Here is Graham Cluley's further explanation, interspersed with my questions (received 2010-11-11):

> As I've read over the Slashdot comments and others, it's
> becoming clearer to me that my unfamiliarity with the way
> A-V works, and the way TM works, probably had a lot to do
> with triggering whatever disaster it was that happened.
> And my panicked reaction has pretty much guaranteed that
> there's no evidence left to speak of on my machine or on
> the Time Capsule disk. (I uninstalled the A-V and that
> seems to have cleaned up any log files that might have
> existed.)

Yes, uninstalling SAV will remove the log files.

> Is my supposition correct that when the A-V popped up a
> warning about the malware on the backup volume, that it was
> intercepting an attempt of TM at that point to delete it?
> Or was A-V independently scanning the new (backup) volume
> that had come into view?

So yes, SAV intercepted a syscall by the Time Machine process. What Time Machine was doing at the time depends on where it was in the process, but it is possible that it was checking the files in the sparse bundle (the backup image) to then determine the backup delta (what had changed on the system since the last backup).

Most of the time, the system itself keeps track of the changes to the file system, so Time Machine doesn’t needs to scan files to know what to backup. However, when the system has failed to keep track of the changes (this could occur on near to full discs), TM does perform a scan.

If in this process it called a read or open against a file in the sparse bundle that was malicious or infected then we would have detected that, and then popped up the dialog.

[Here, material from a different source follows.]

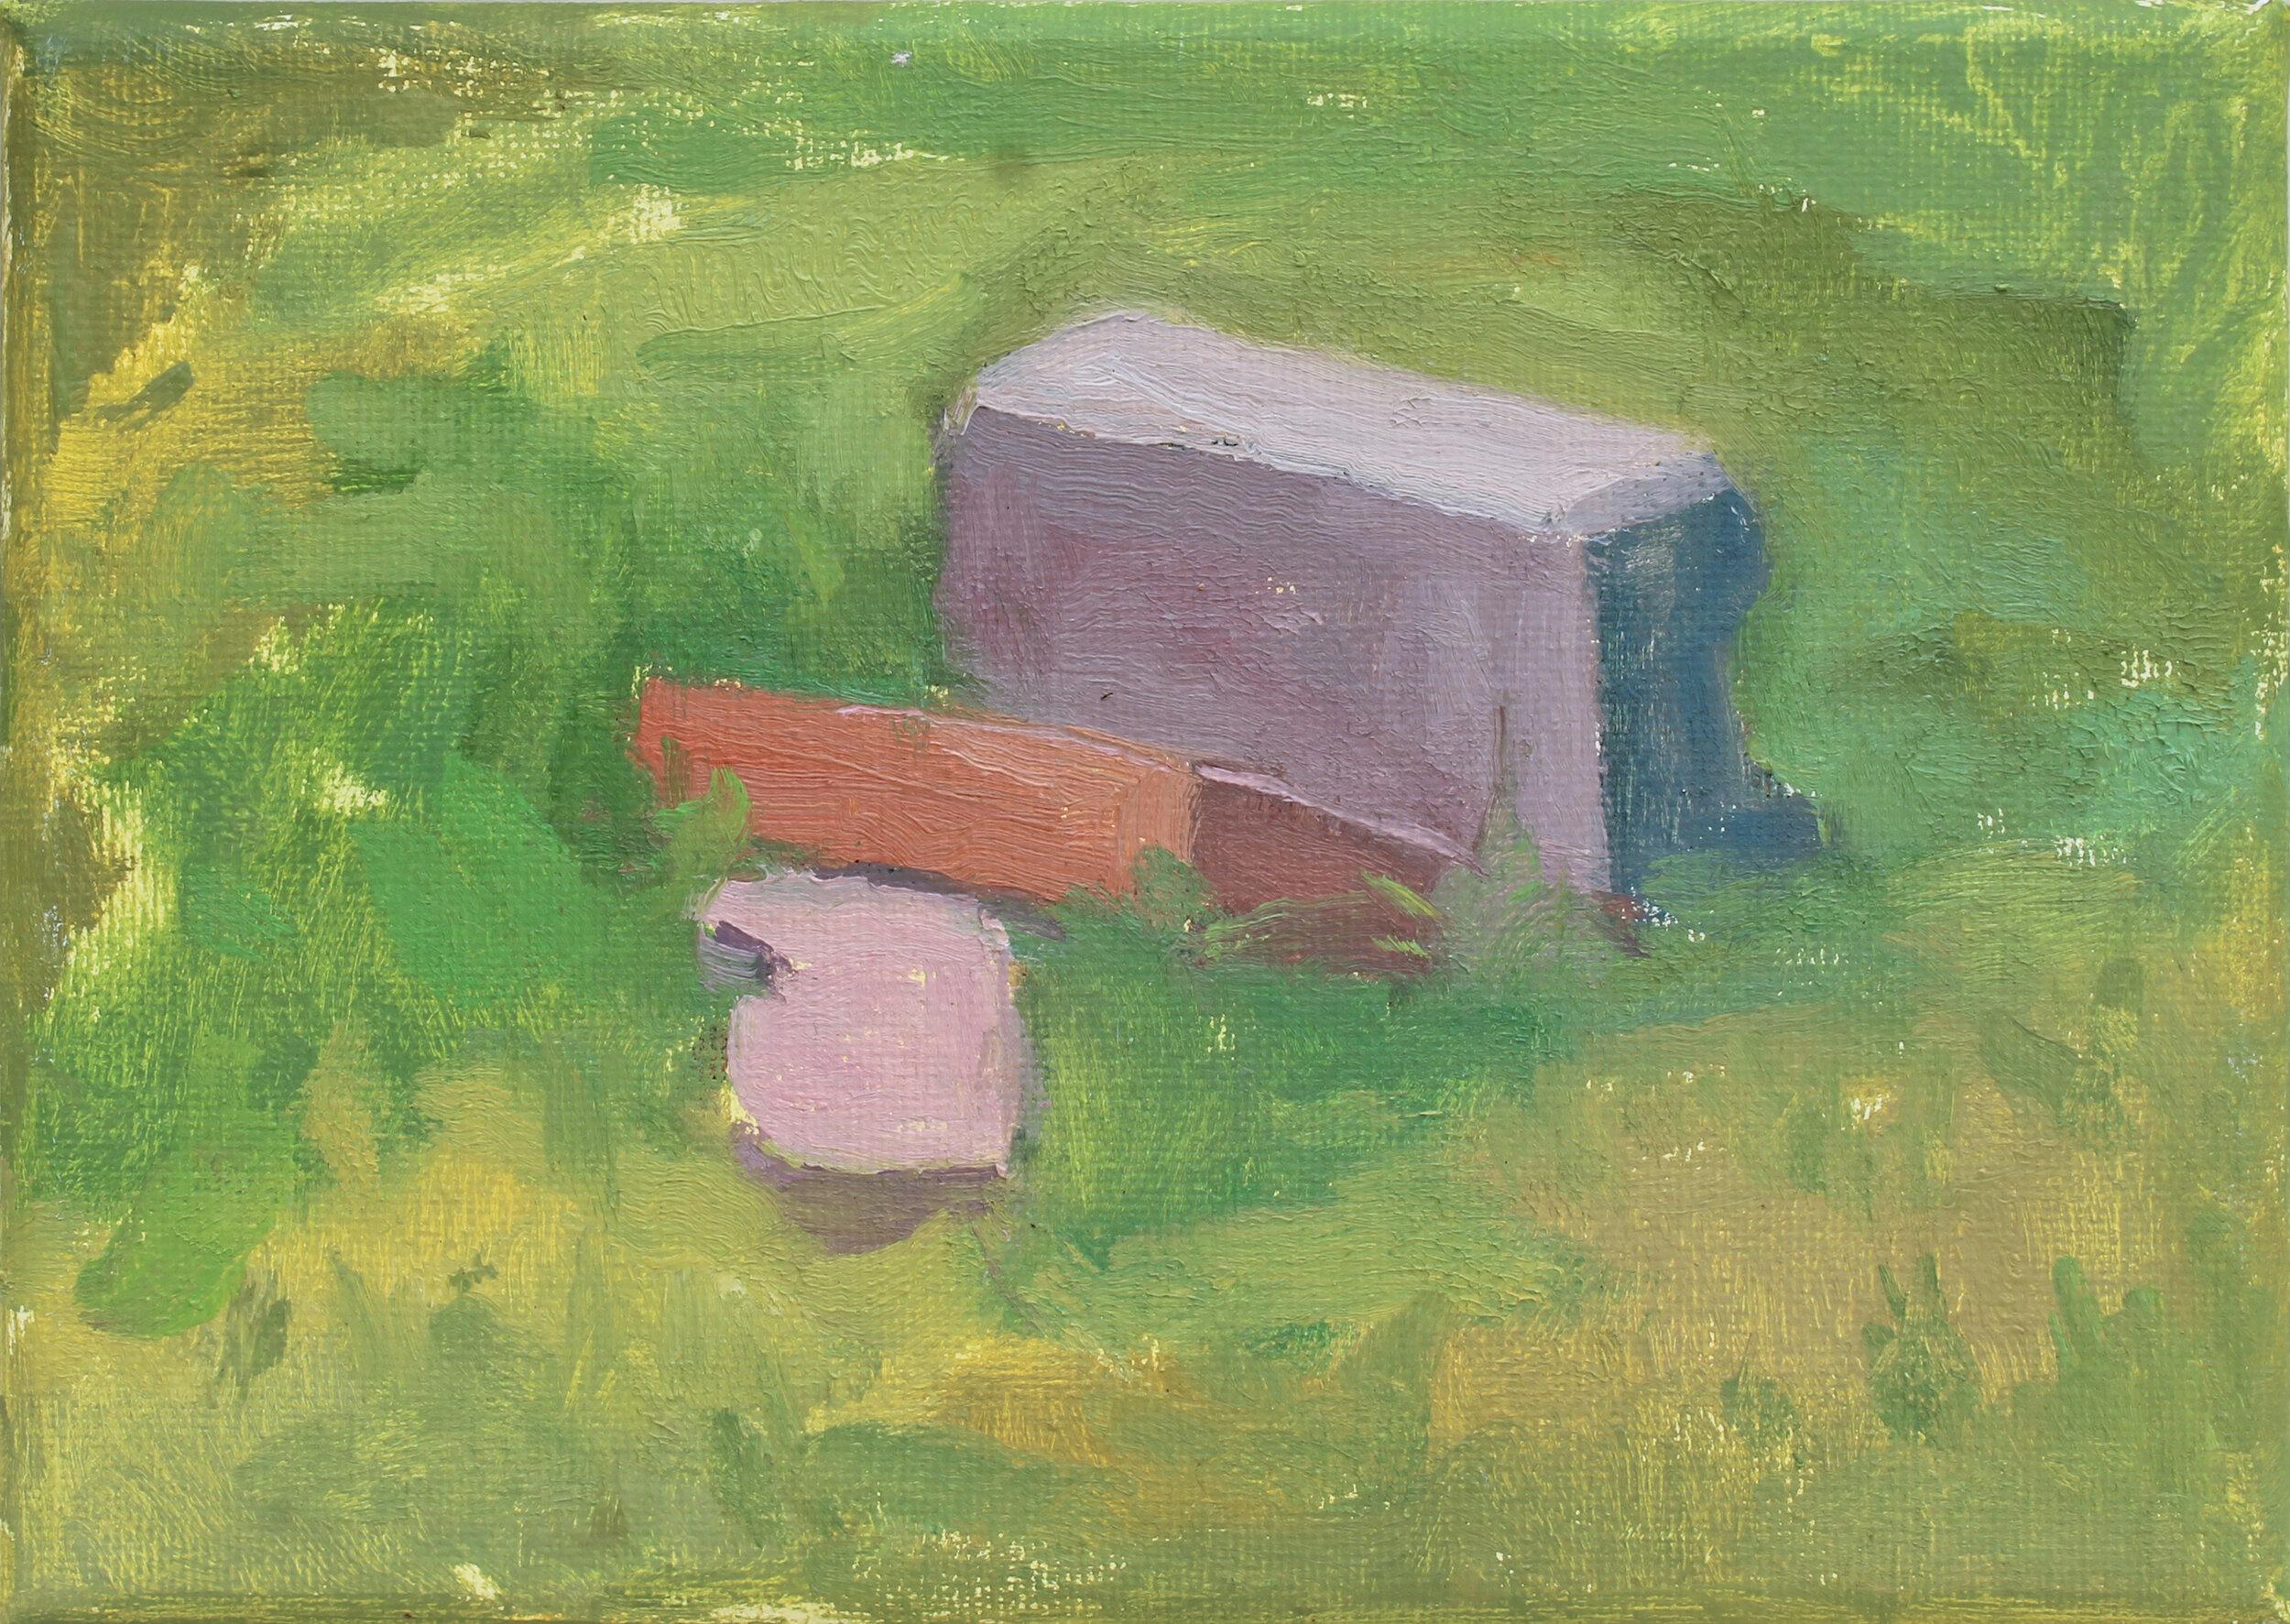 "Summer Grass, Three Bricks  oil on canvas 5x7"" 2019   available"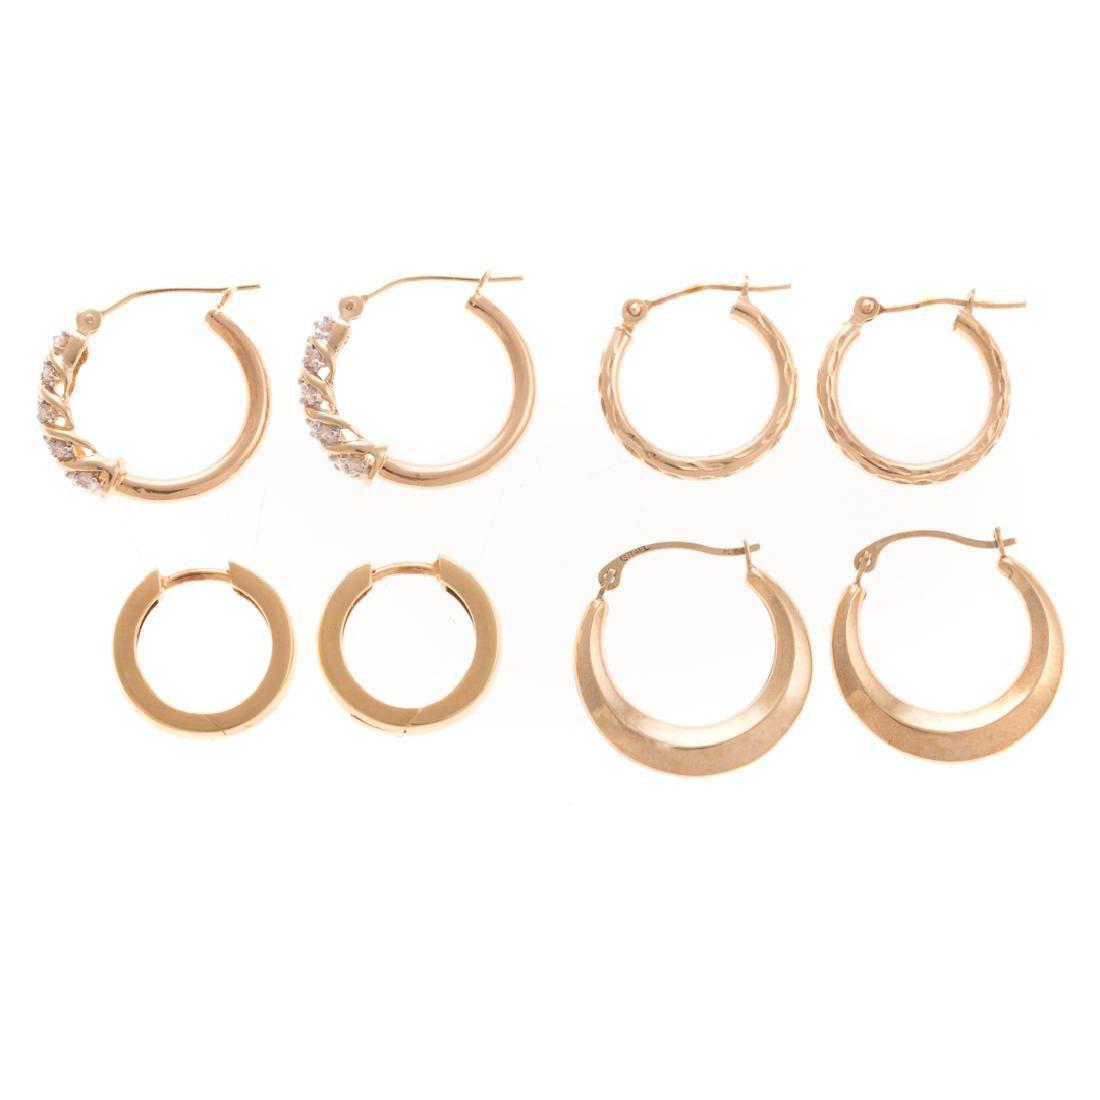 Four Pairs of Lady's Hoop Earrings in Gold

> It would seem to be useful to feature a prominent note
> about A-V/TM interactions so that nobody else gets caught
> out as I did. For example: is is good practice to exclude
> the backup volume from scanning? A note to that effect could
> have prevented my trouble.

Our analysis to date, and the experience of existing users for some years, makes us reasonably confident that Sophos Anti-Virus cannot corrupt TM backups. If a user becomes confused, however, they might take a rash action (such as killing the TM process) that could lead to data corruption.

There would be no problem with you choosing to exclude TM from on-demand scans, and to configure our on-access scanner at its default setting of “deny access”. As long as malware stays in the Time Machine backup it is not active. Any attempt to open / copy an infection will still be intercepted by the on-access scanner. So you are safe.

As an aside, some users are describing what appears to be normal Time Machine behaviour. In other words, if the device being written to is starting to get full, then Time Machine removes its oldest backup and writes a new one. This continues just like log rotation, so older backups are removed to allow newer ones to be written.

I’ll ask our team to look into documenting a best practice guide that can talk about anti-virus scanning and backups. We can probably post that on the support forum.

In summary, we have been investigating the issue since you raised it, and our testing has confirmed our earlier belief that we are not the cause of the problem. Nevertheless we will continue to investigate as appropriate should other evidence come to light.